Study Design and Patient Population
The B-SUPREME study (NCT06963710) is a randomized, double-blind, active-controlled multicenter trial designed to evaluate the safety and efficacy of ALG-000184 monotherapy compared with tenofovir disoproxil fumarate in approximately 200 untreated adult subjects with chronic HBV infection over 48 weeks. The study will include both HBeAg-positive and HBeAg-negative patients who have not received prior treatment for HBV.
The primary endpoint focuses on achieving HBV DNA levels below the lower limit of quantitation (LLOQ), with different endpoints specified for HBeAg-positive and HBeAg-negative subjects. Secondary and exploratory measures will monitor the therapy's pharmacokinetics, safety profile, and other biomarkers, including the minimization of HBV antigens and other infection markers.

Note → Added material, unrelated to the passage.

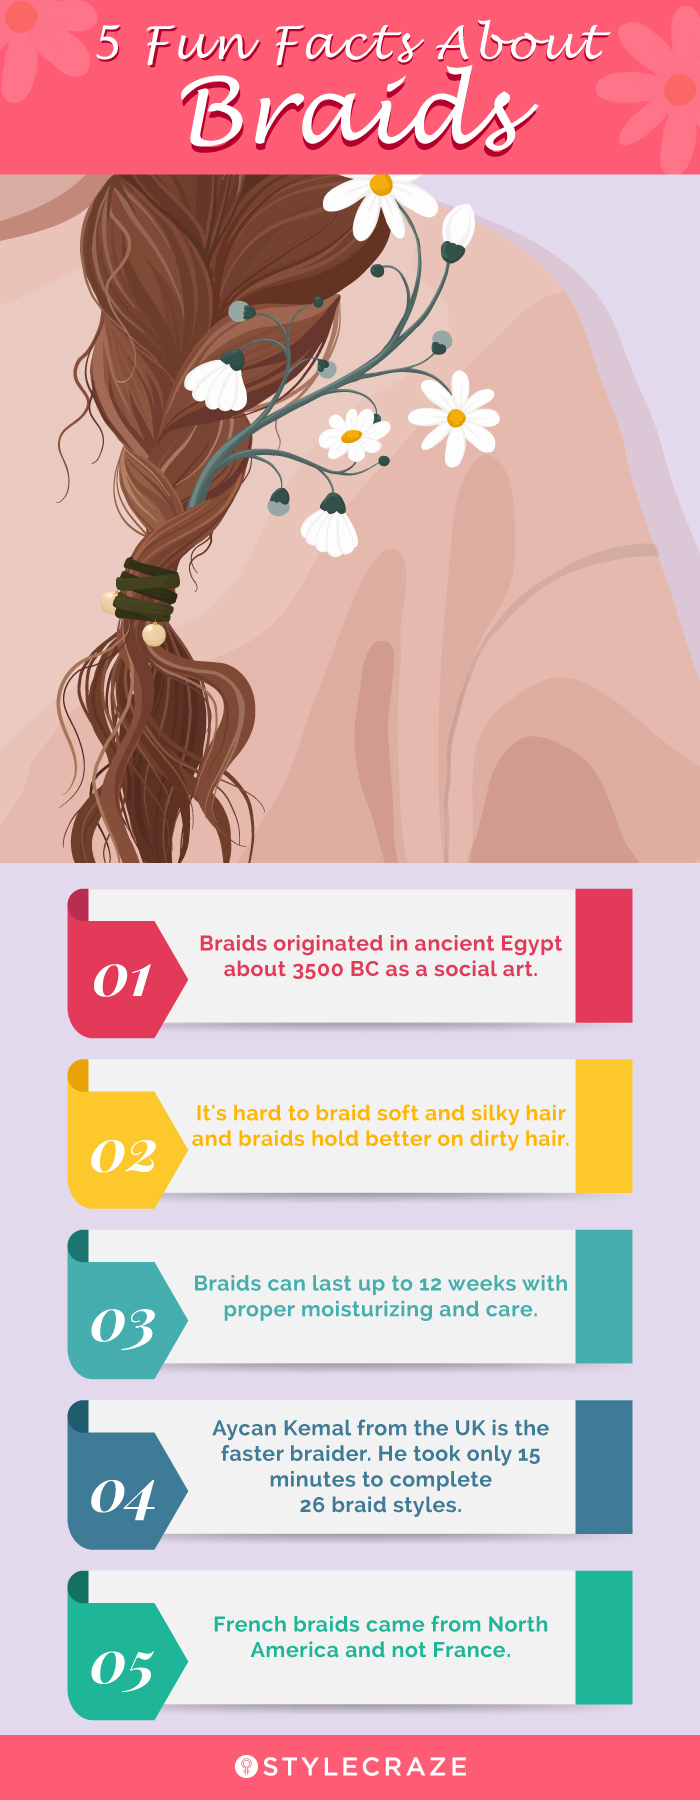 5 fun facts about braids [infographic]

Clinical Rationale and Expert Perspective
"Despite available treatments for chronic HBV infection, better therapies are needed to stem the progression to end-stage liver disease and liver cancer," said Nezam Afdhal, MD, DSc, Chief of Gastroenterology, Hepatology, and Nutrition at Beth Israel Deaconess Medical Center and Charlotte & Irving Rabb Distinguished Professor of Medicine at Harvard Medical School. "I am pleased that therapies such as Aligos' ALG-000184 are continuing to progress. The impressive antiviral activity seen in clinical trials to date provides hope for patients in need."

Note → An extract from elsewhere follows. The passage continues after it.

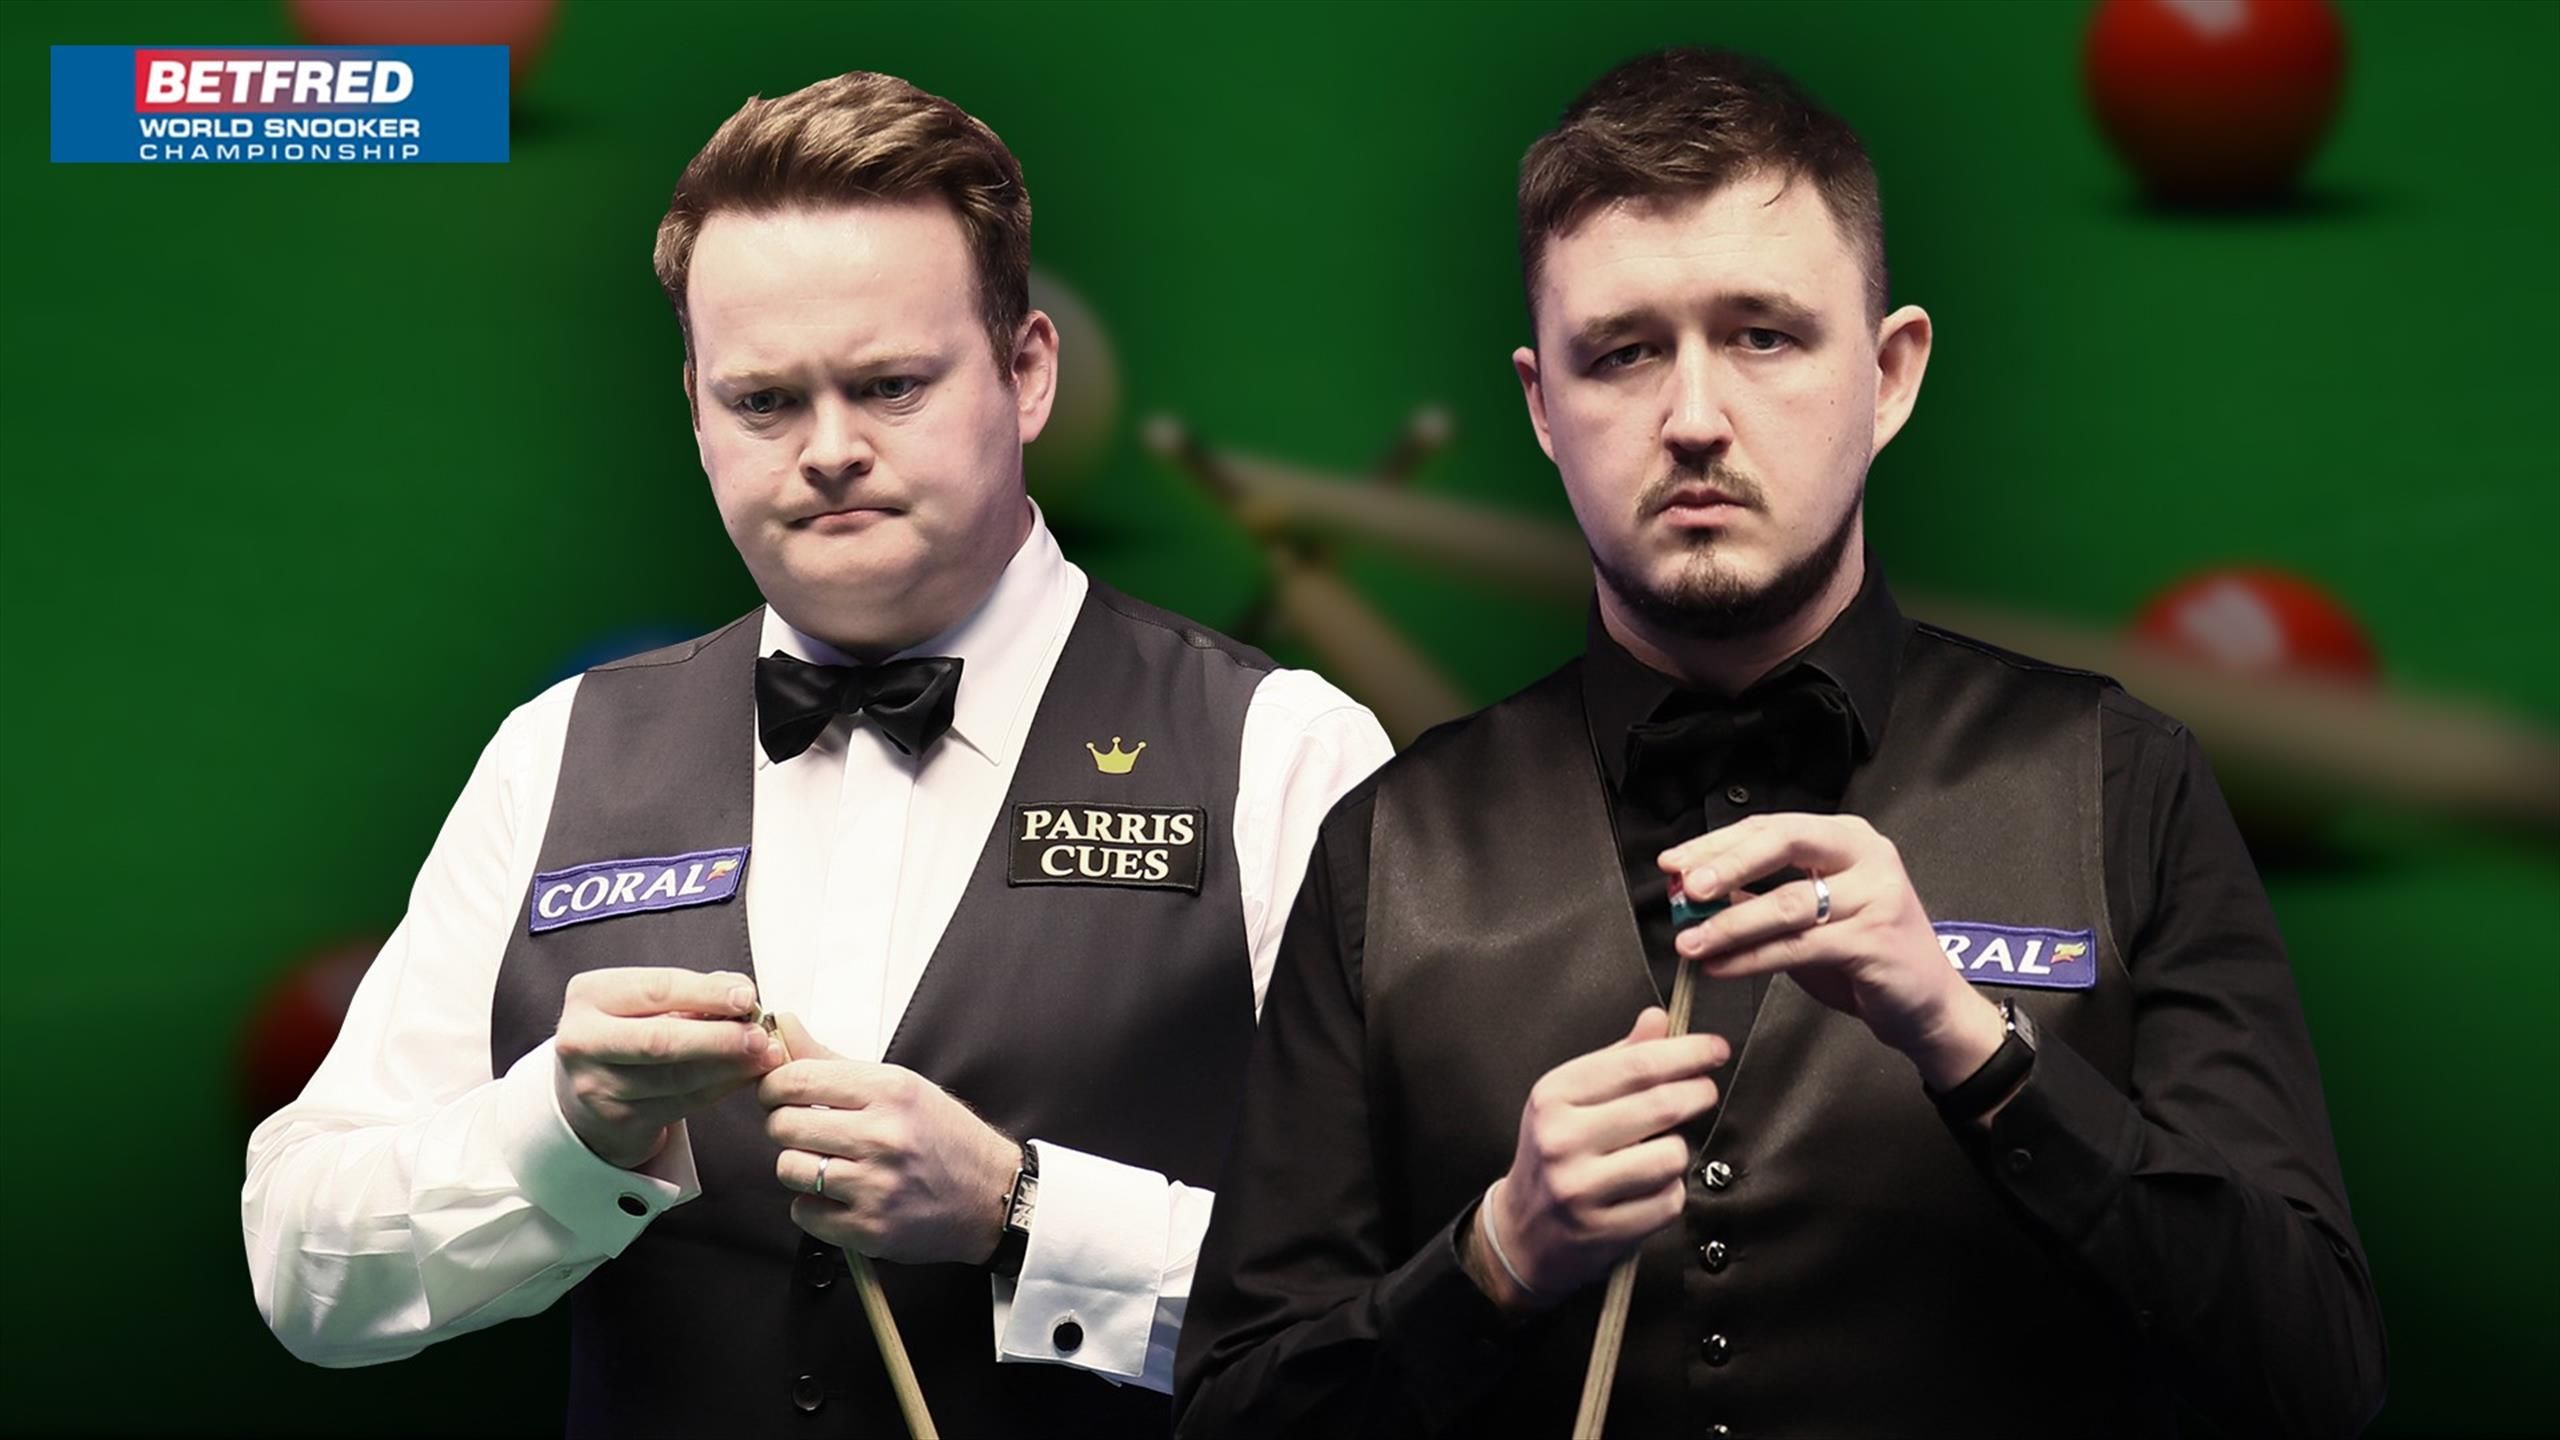 World Snooker Championship 2021 Order of play, live scores and results from the Crucible Theatre

Previous Clinical Results and Development
ALG-000184 originated from intellectual property licensed from Emory University's Dr Raymond Schinazi laboratory and has been further enhanced by Aligos. Previous Phase 1 trials demonstrated that the therapy was well-tolerated by participants, with no safety concerns identified. The compound exhibited linear pharmacokinetics and displayed significant antiviral activity across viral markers of HBV.

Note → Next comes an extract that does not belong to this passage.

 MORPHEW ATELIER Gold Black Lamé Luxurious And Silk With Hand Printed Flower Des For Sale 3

Timeline and Company Outlook
The Phase 2 B-SUPREME trial is projected to yield interim data in 2026, with topline results expected in 2027. Lawrence Blatt, Ph.D., MBA, Chairman, President, and Chief Executive Officer at Aligos Therapeutics, expressed confidence in the compound's potential.
"Dosing the first subjects in our Phase 2 B-SUPREME study is an important milestone for Aligos," Blatt said. "We are pleased by the engagement of the clinicians and subjects, as they recognize the need for improved treatment regimens for chronic HBV infection. We believe that ALG-000184 has first/best-in-class potential based on the exciting data seen across viral markers of HBV to date. We look forward to continuing to advance ALG-000184 for patients in need of better outcomes."